With recent surges in exports, China looks set to replace Bangladesh as number one supplier of woven shirts to the American market, shows a report of the US trade department. Exporters and trade analysts viewed the news as a serious concern for Bangladesh’s apparel industry, which earned worldwide fame for ‘Made in Bangladesh’ shirts and shares a significant portion of the country’s export revenues.
They, however, said Bangladeshi suppliers need to concentrate more on enhanced productivity and higher value products to maintain their export volume instead of being scared about surging Chinese penetration, which jolts the global trade as a whole. In 2006, US retailers imported about 33 million pieces of foreign-made shirts worth over $2.4 billion and nearly one of every four shirts was made in Bangladesh, while Chinese supplied less than one of ten.
Things started to change dramatically in 2007 as the latest analysis by the US commerce department on apparel imports shows that by March of the current year shipments of Chinese shirts surged by more than 166 per cent to 1.9 million pieces from a year-ago period. During January-March of the current year, Bangladesh’s shipments slowed down by 14 per cent compared to the exports of last year’s corresponding period.
If the present trend continues, China is likely to overtake Bangladesh as the number one source of men’s shirts to US market by the end of April. Bangladesh has been the traditional source of the cheapest shirts for US importers, earning $361 million or more than 12 per cent of total apparel export revenues from the world’s largest economy in 2006, while China earned $214 million.
In 2005, the first year after the global textile quota phased out, China made a strong foothold in US shirt market with three-fold increase in its exports to nearly 3.4 million pieces from the year before. In that year Bangladesh sustained 26 per cent growth with 6.6 million pieces and saw its volume grow to about 7.7 million pieces in 2006, while Chinese exports dropped to 2.94 million pieces.

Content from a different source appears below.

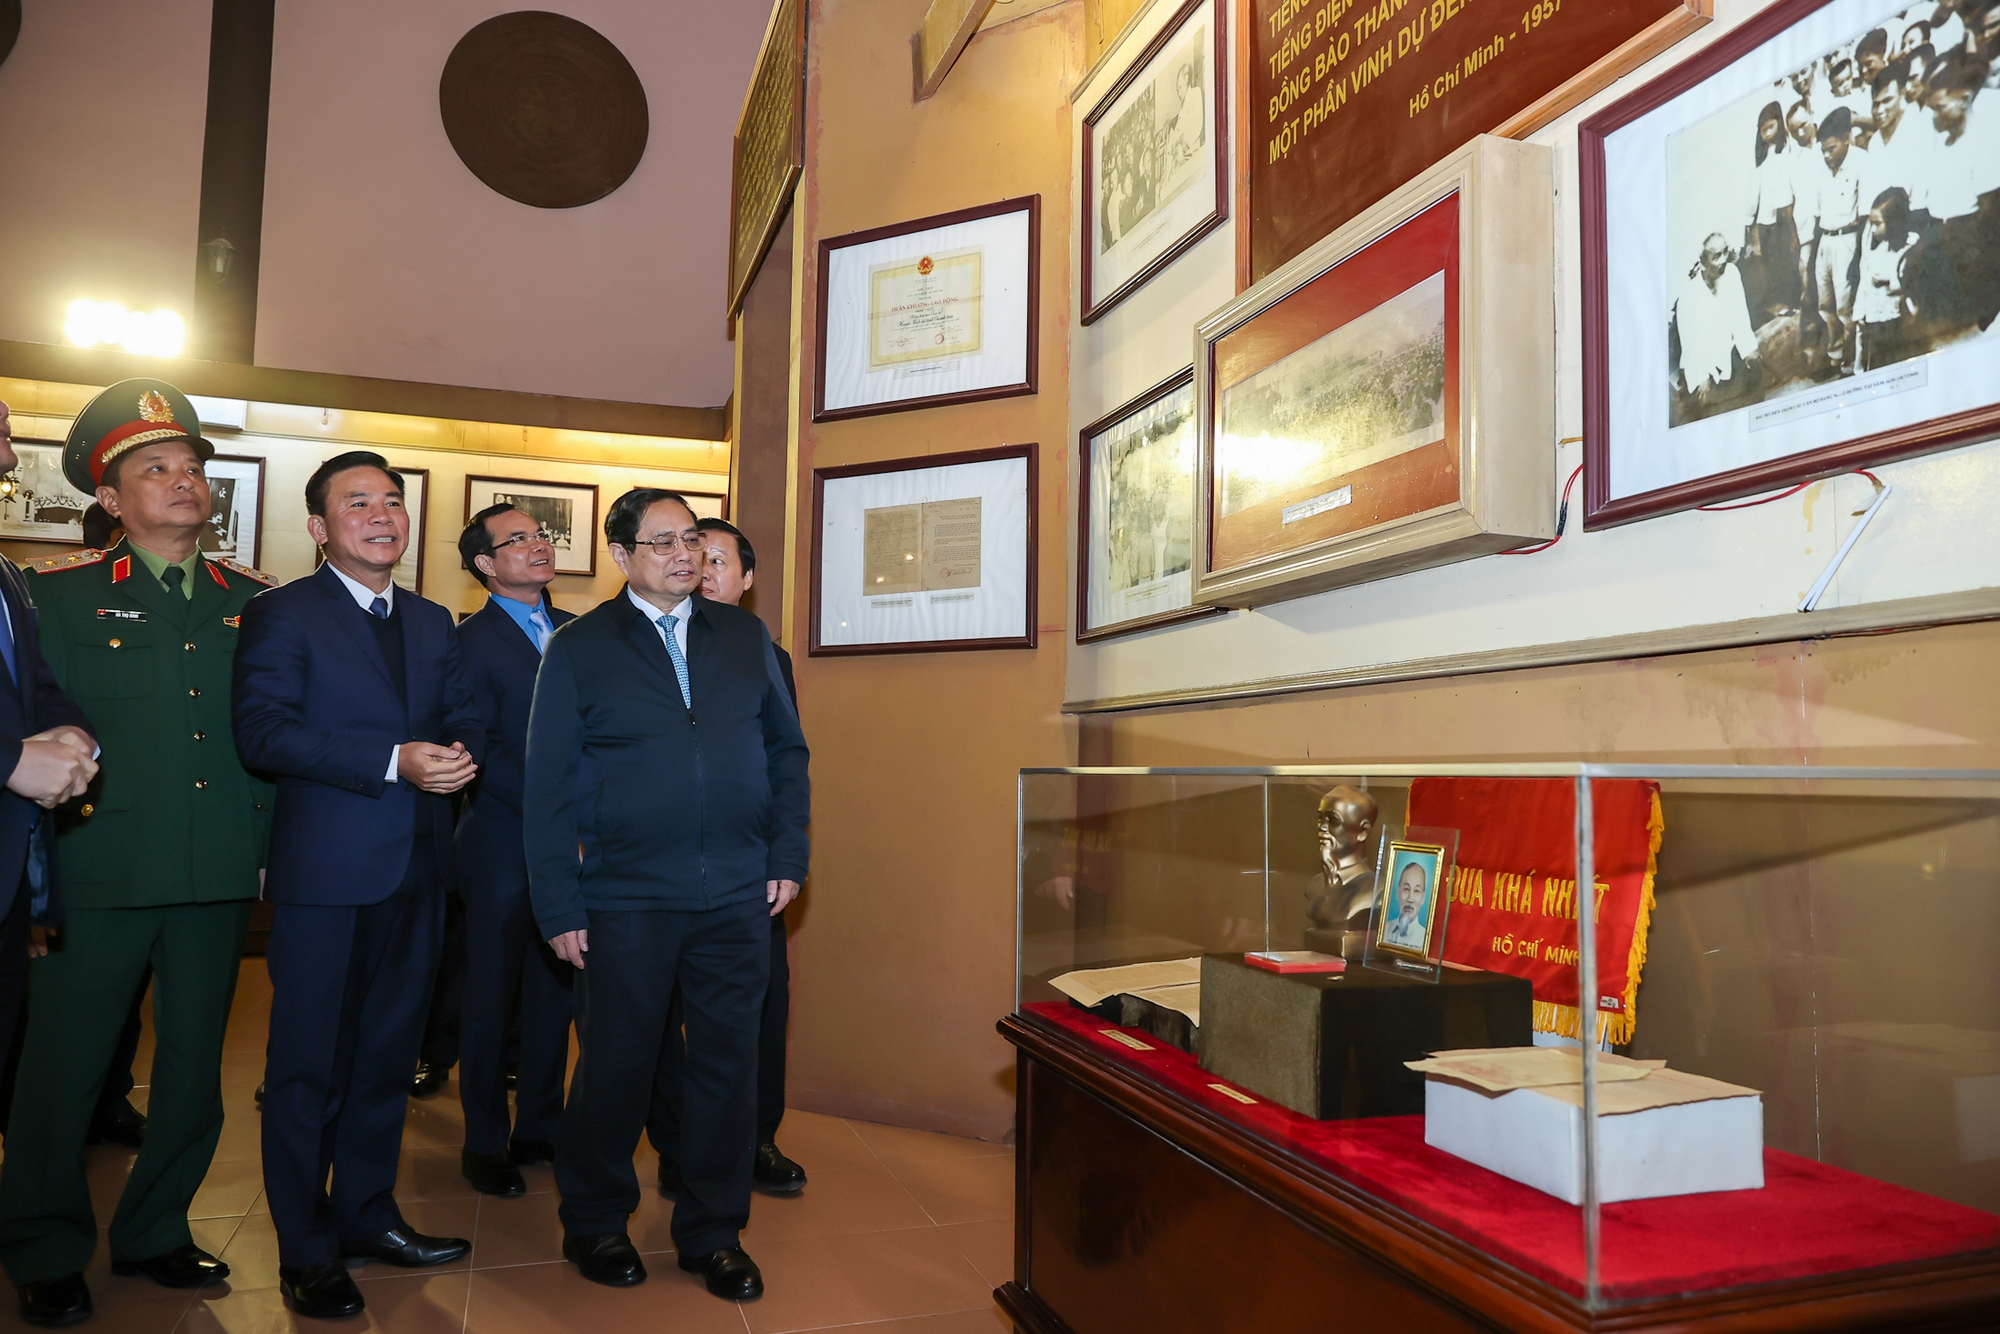 Thủ tướng Chính phủ và đoàn công tác thăm không gian trưng bày tại Khu văn hóa tưởng niệm Chủ tịch Hồ Chí Minh ở thành phố Thanh Hóa - Ảnh: VGP/Nhật Bắc

Bangladeshi exporters in 2006 shipped per unit of shirt for less than five dollars, while Chinese earned nearly eight dollars for the same. Chinese shirt makers grabbed almost entire market shares in US market that had been vacated, in recent times, by European, Canadian and other western suppliers in the face of stiff price competition from Asian exporters.
‘A section of US importers, who used to source from Bangladesh, have now become cautious.’The trade analyst, however, pointed out that market demand for low-cost shirts, where Bangladeshi suppliers now concentrate on, had also been going through a change in recent times. ‘US market is diverting to higher value added and fashionable shirts, while Chinese suppliers are benefited from strong local supply bases for fabrics and raw materials making their shipments faster compared to many others.’
By enhancing productivity and value additions, Bangladeshi shirt makers should struggle to keep up existing growth rate and to stay above many other suppliers, if not those from China.